Frequently asked questions
Answer. Mean absolute error (MAE) averages the absolute differences between predictions and actual values, providing a simple way to evaluate model performance. A smaller MAE means more accurate forecasts and a more reliable model.
Answer. Seasonality shows the regular and predictable variations in a time series that arise from seasonal influences. For example, annual retail sales typically increase during the Christmas period. It is important to consider these factors.
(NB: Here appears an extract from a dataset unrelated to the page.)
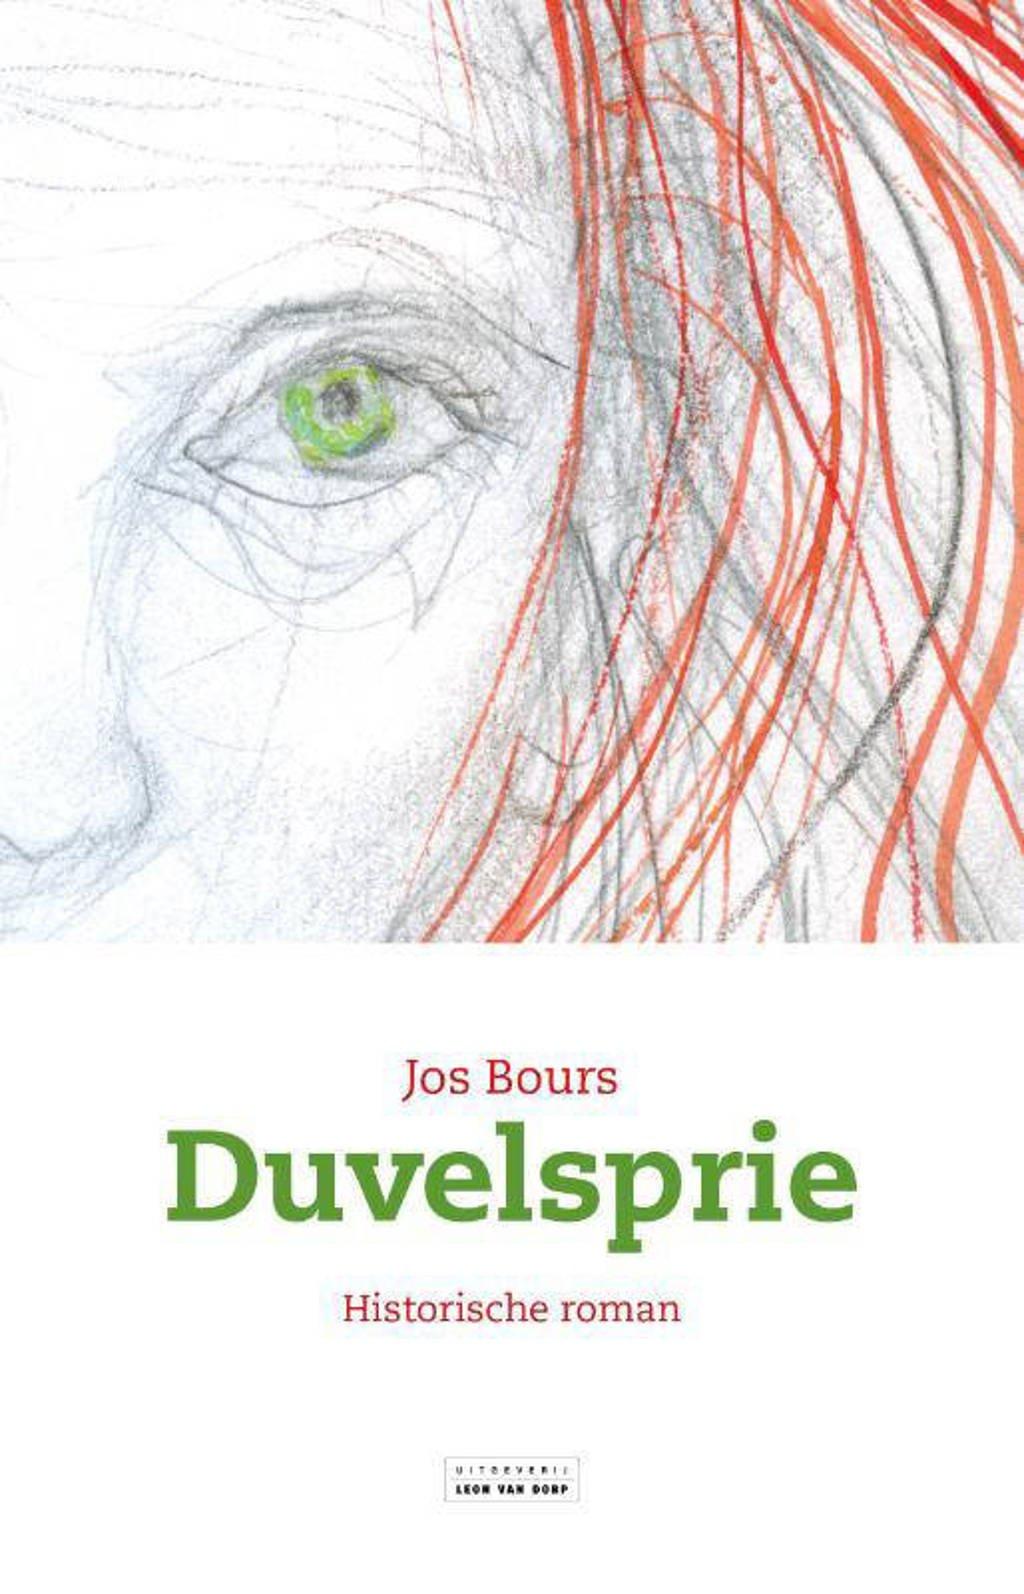 Duvelsprie - Jos Bours

Answer. A trend in time series data denotes a direction or sustained movement observed over time, which can be upward, downward, or stable. Identifying trends is crucial to understanding the long-term behavior of data as it affects the forecast and effectiveness of the predictive model.
Answer. The Timeseries Foundation model predicts a single variable by examining its historical trends. By using a decoder-only transformer-based architecture, it provides accurate forecasts based on past values of that variable.